Required work: Only certain lines below are wanted: those starting at the line containing "Urgences à l’hôpital" and ending at the line containing "Карта подстанций скорой помощи в москве", both included, each retyped exactly.

Data provided:
━━━━━━━━━━━━━━━━━━━━━━━━━━━━━━

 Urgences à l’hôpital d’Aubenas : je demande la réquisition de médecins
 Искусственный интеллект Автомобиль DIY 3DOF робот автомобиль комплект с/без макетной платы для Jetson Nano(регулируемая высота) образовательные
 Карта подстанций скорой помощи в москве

━━━━━━━━━━━━━━━━━━━━━━━━━━━━━━

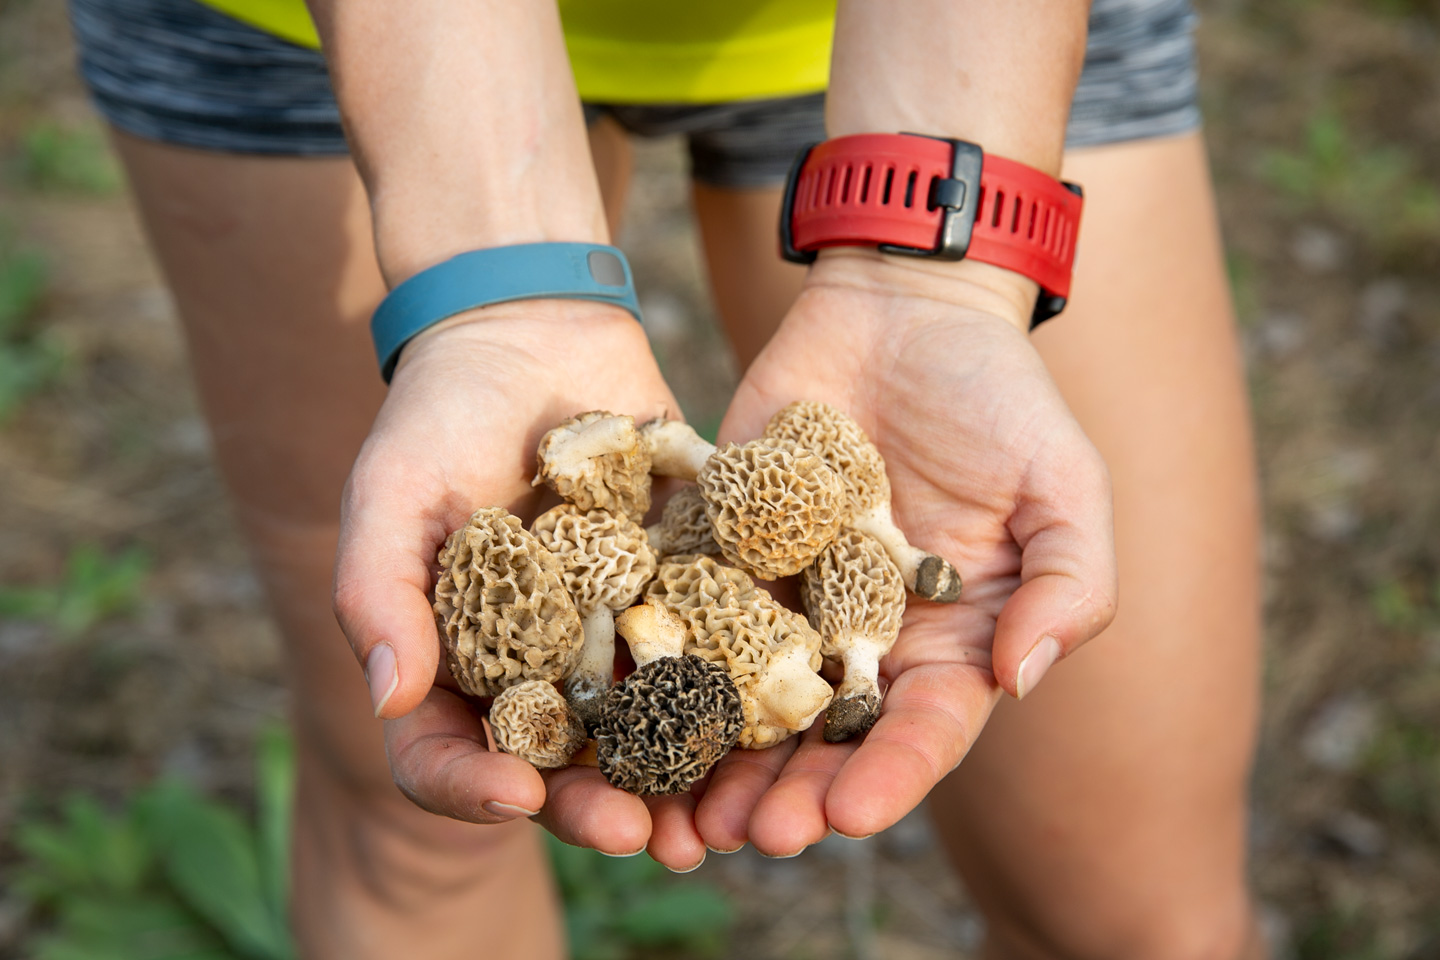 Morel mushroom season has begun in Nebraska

━━━━━━━━━━━━━━━━━━━━━━━━━━━━━━

Solution for this problem:
 Urgences à l’hôpital d’Aubenas : je demande la réquisition de médecins
 Искусственный интеллект Автомобиль DIY 3DOF робот автомобиль комплект с/без макетной платы для Jetson Nano(регулируемая высота) образовательные
 Карта подстанций скорой помощи в москве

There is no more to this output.